> DATASET EXTRACT:
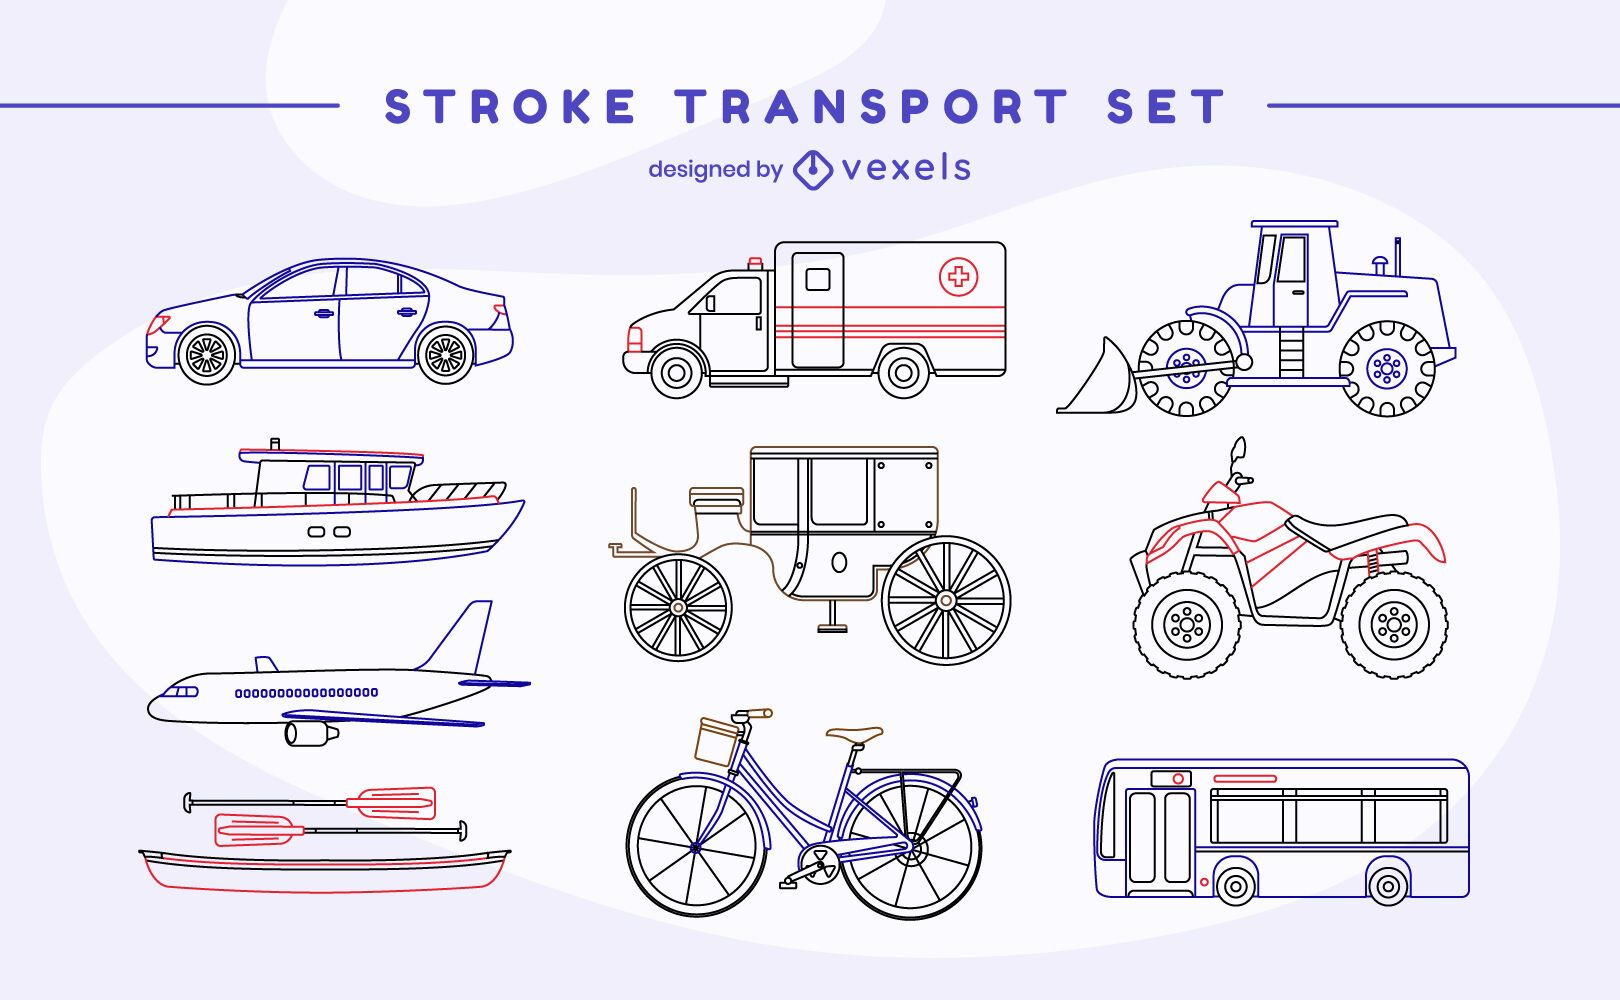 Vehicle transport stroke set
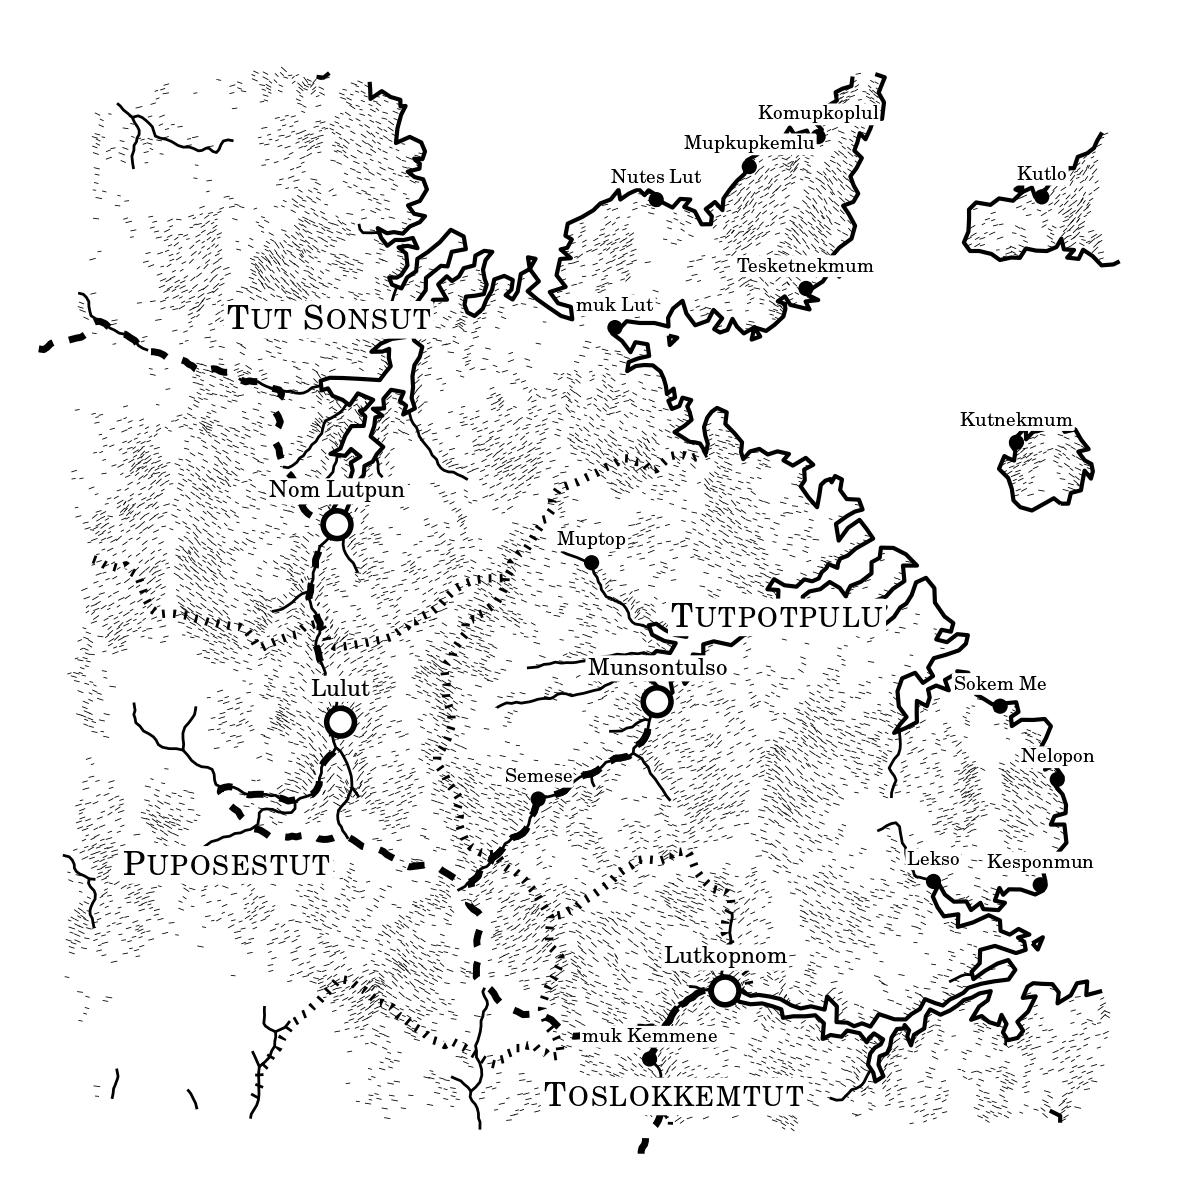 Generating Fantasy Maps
...
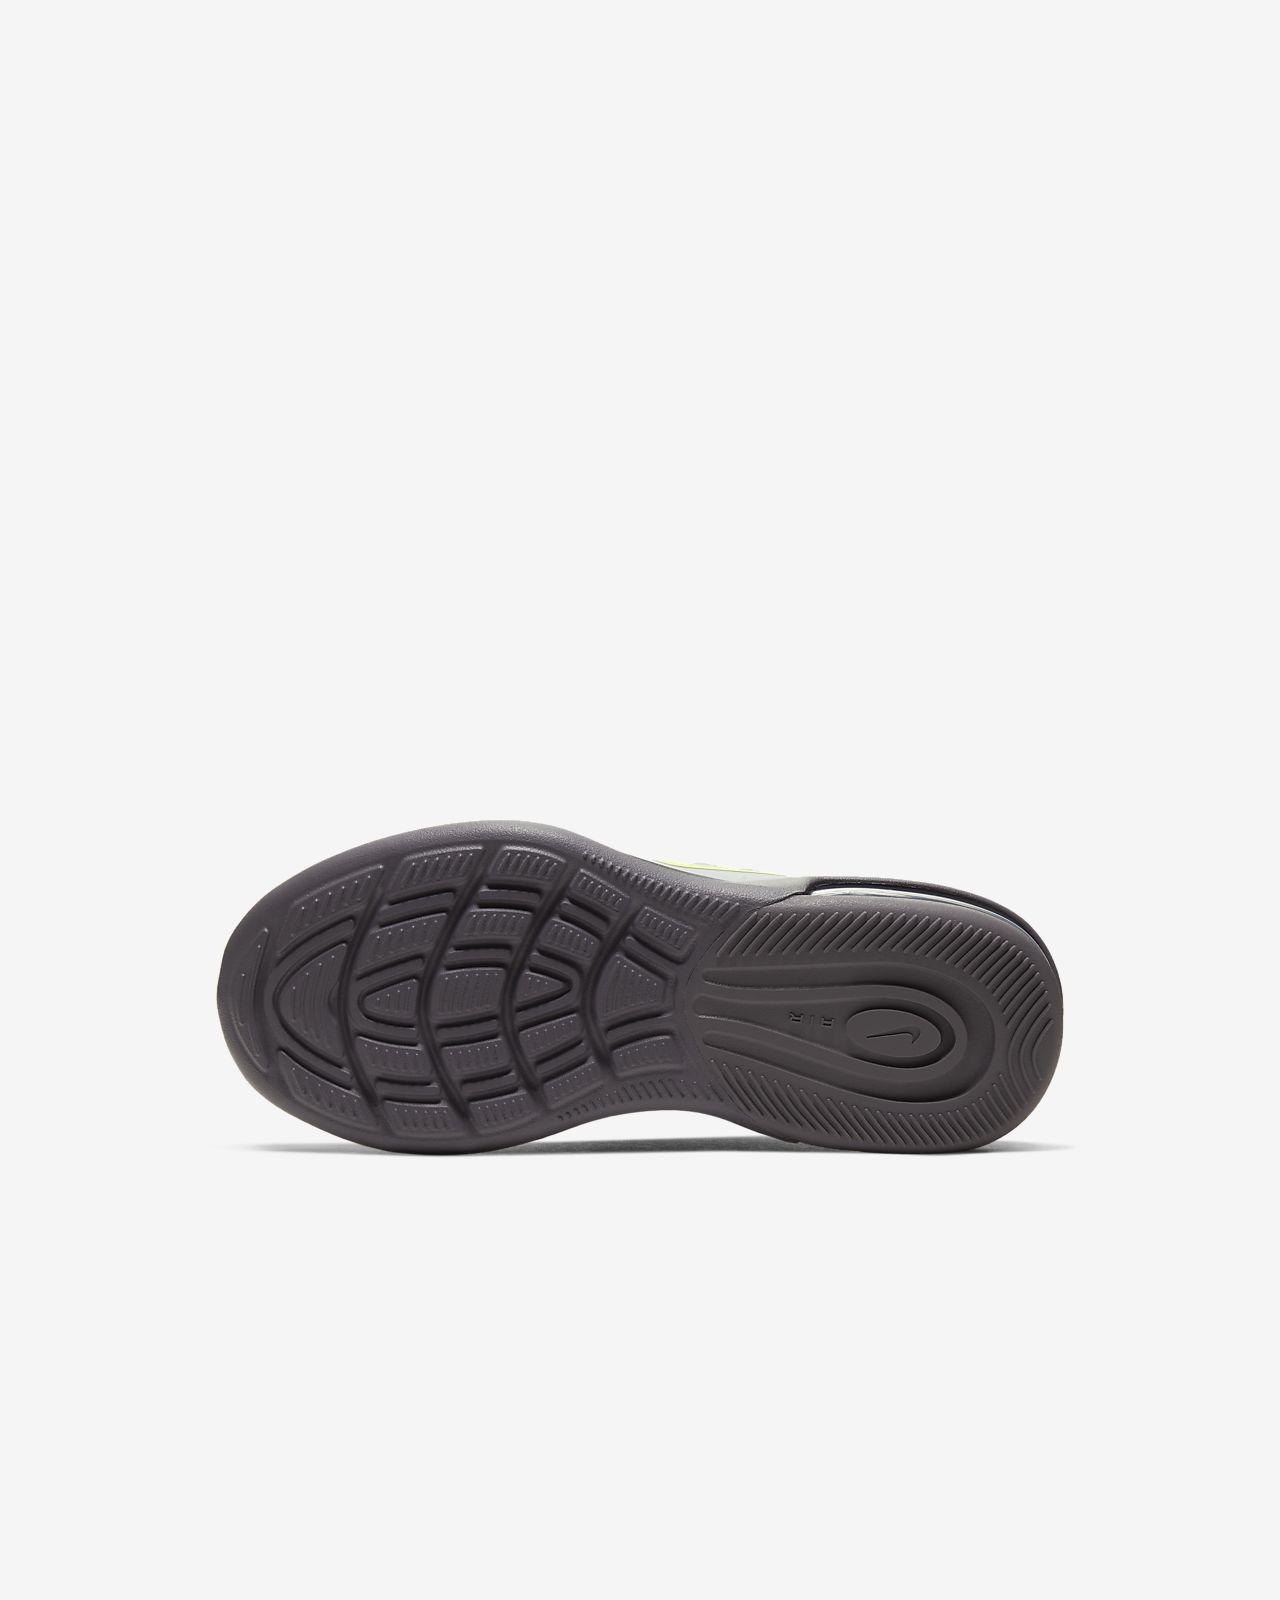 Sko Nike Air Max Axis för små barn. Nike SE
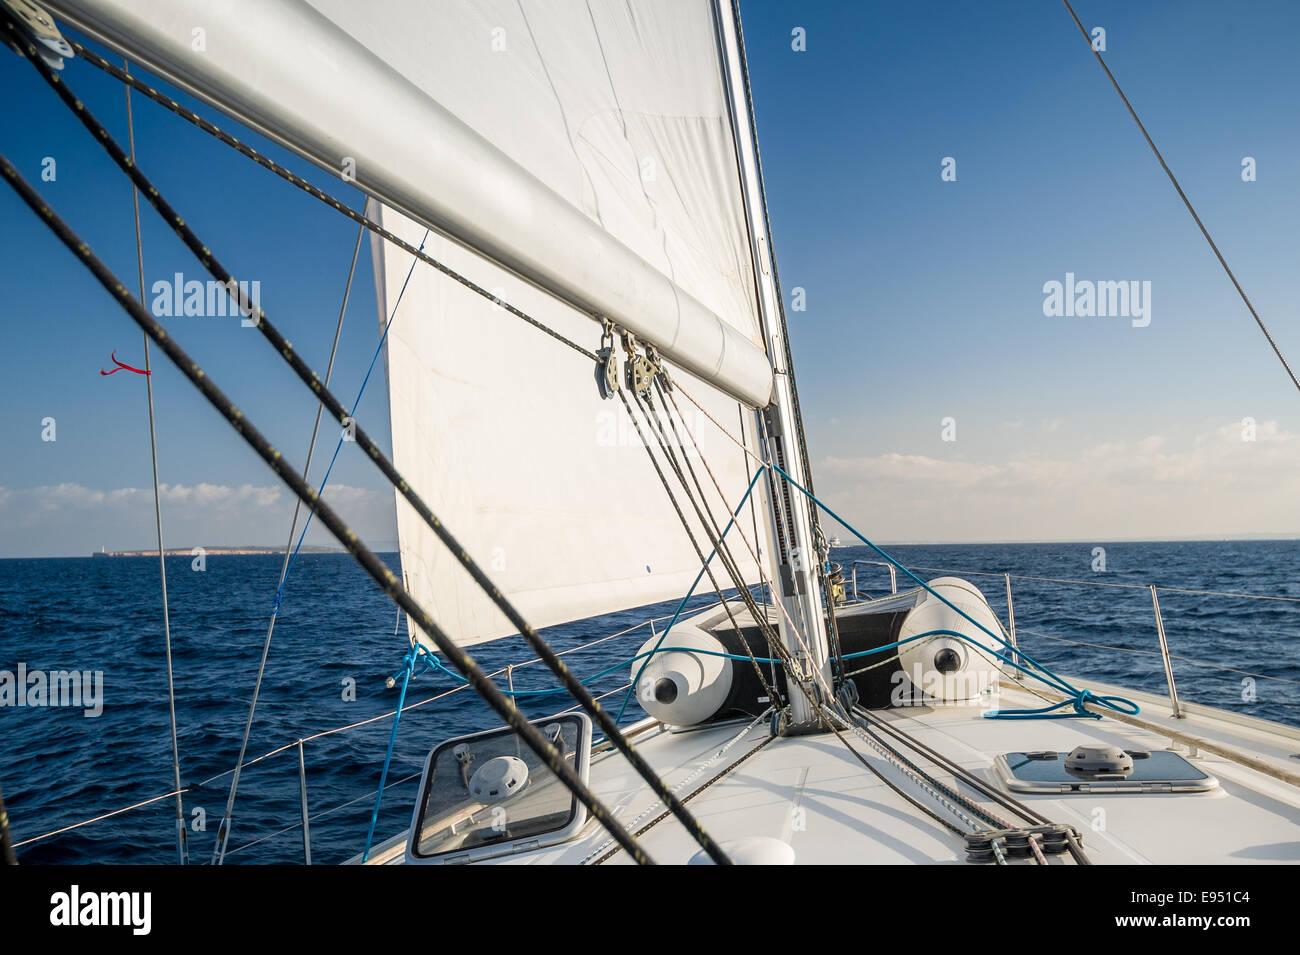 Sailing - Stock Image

> INSTRUCTIONS TO FOLLOW: In the data above, take the line with "Vehicle transport stroke set", the line with "Generating Fantasy Maps", and every line between, and set them down exactly without pictures.

> SOLUTION BELOW:
 Vehicle transport stroke set
 Generating Fantasy Maps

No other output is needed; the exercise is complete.